News & Events
Recycled tires can improve concrete quality
- October 2, 2019
- Posted by: Wiley M. Wagner
- Category: Science
Today, material engineering specialists from the University of Sheffield in the UK presented their new development – or rather, a new iteration of an existing development. We are talking about creating a special protective layer for concrete, composed mainly of base polypropylene, which in turn, scientists have suggested collecting from old and unclaimed automobile tires. Despite the fact that at first there was a lot of skepticism around the experts' proposal, now everyone can make sure that their idea of using this type of primitive polypropylene to protect concrete from cracks works fine!
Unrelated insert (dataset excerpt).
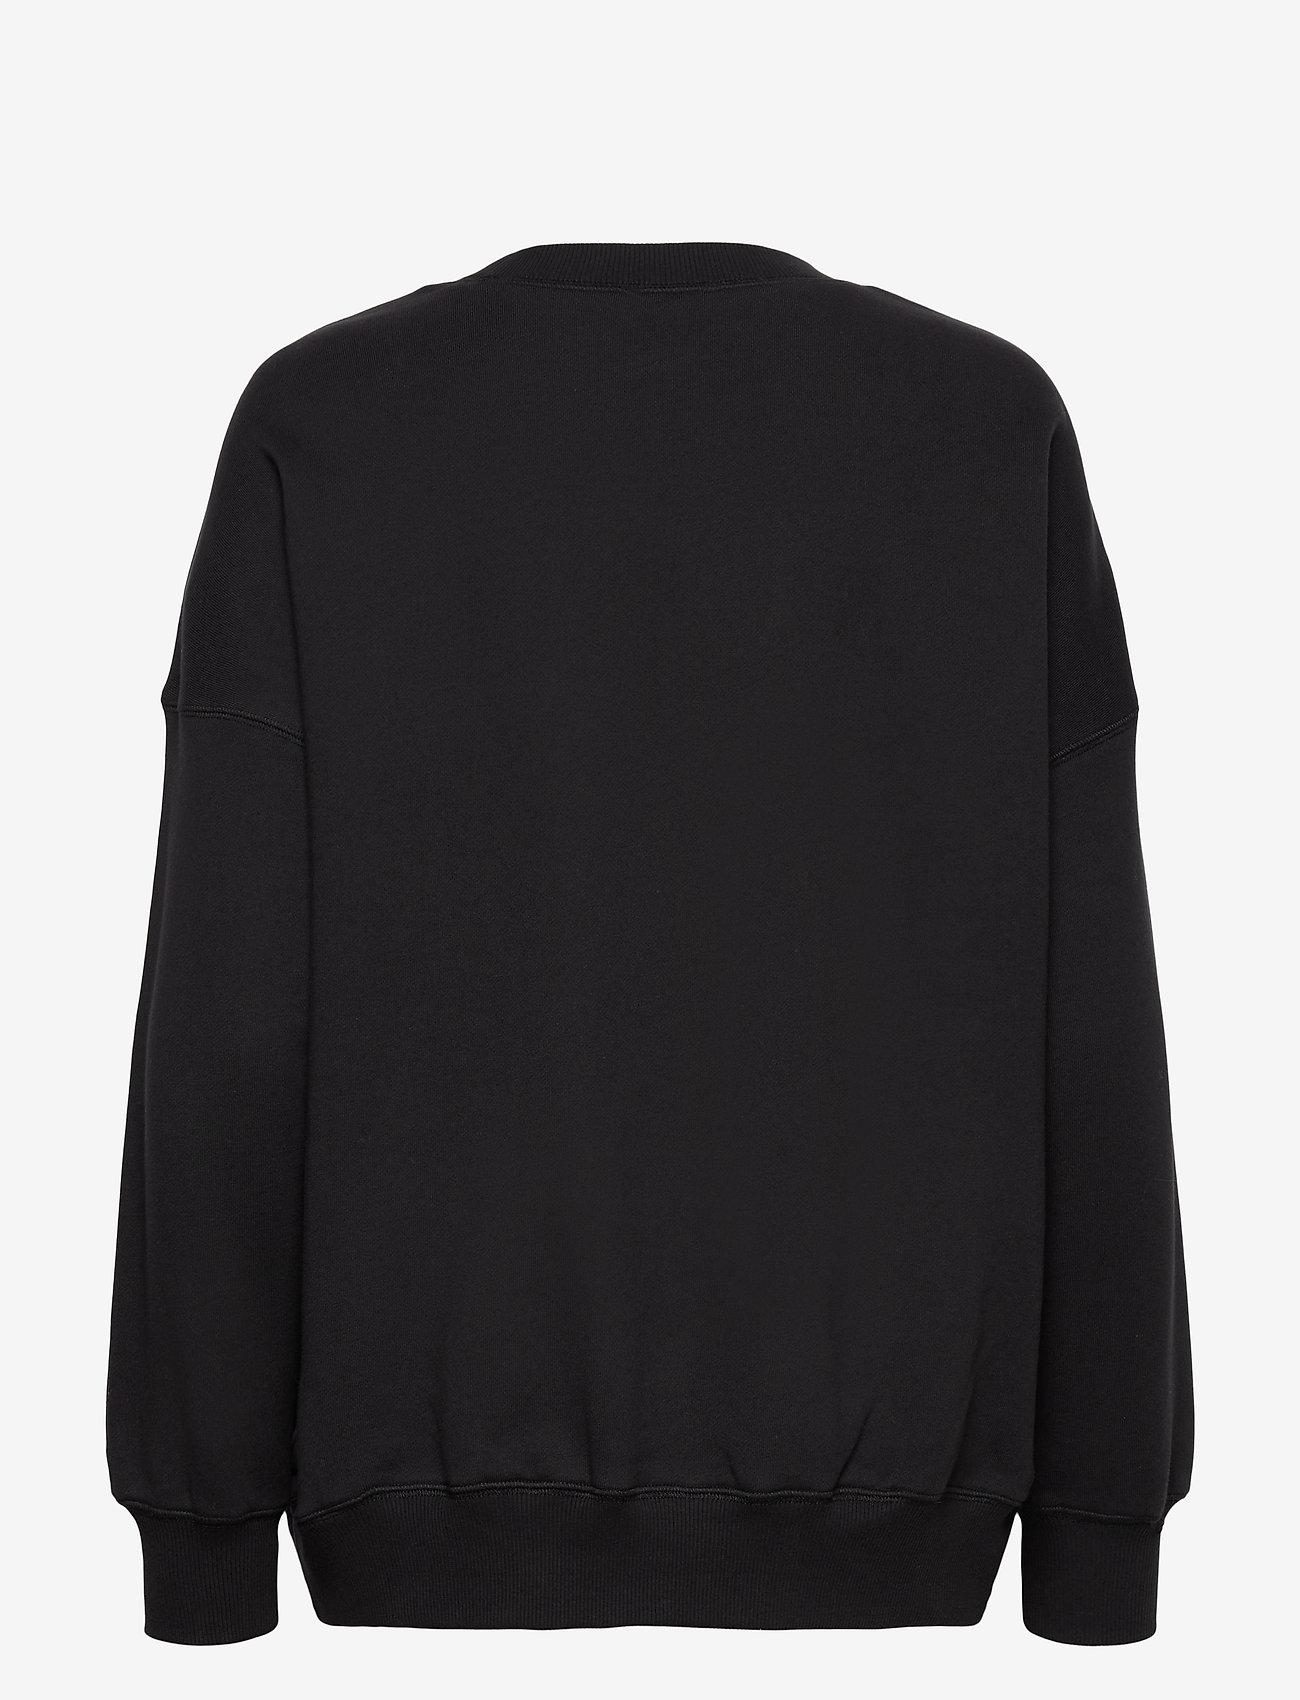 Coster Copenhagen - CC Heart oversize sweatshirt - Orga - sweatshirts & hættetrøjer - black - 1

It is called “primitive” only because the polypropylene presented is basic and is easily found in most fibers of this type of mixed material, like a car tire, in comparison with the special three-layer polypropylene used to keep the concrete surface from cracks caused by excessive heat. Concrete, despite its refractoriness, is nevertheless very susceptible to cracks when exposed to a large mass of heat – which is due to the accumulation of liquid in the concrete structure.
Using the same base polypropylene fibers found in conventional old car tires, British material engineering experts found that this fluid successfully overcomes the standard barriers of the concrete structure and passes through a layer of rubber attached to the concrete surface. Thus, the tire works as a kind of filter, preventing further decay of the internal concrete structure. However, experts seek to conduct some parallel studies.
For example, in order to achieve even greater savings, they seek to find out which type of such a car tire in its composition can be the most suitable and effective for use as concrete protection. In the same sense, it becomes clear that further work on the adaptation of this material as a protective material will continue.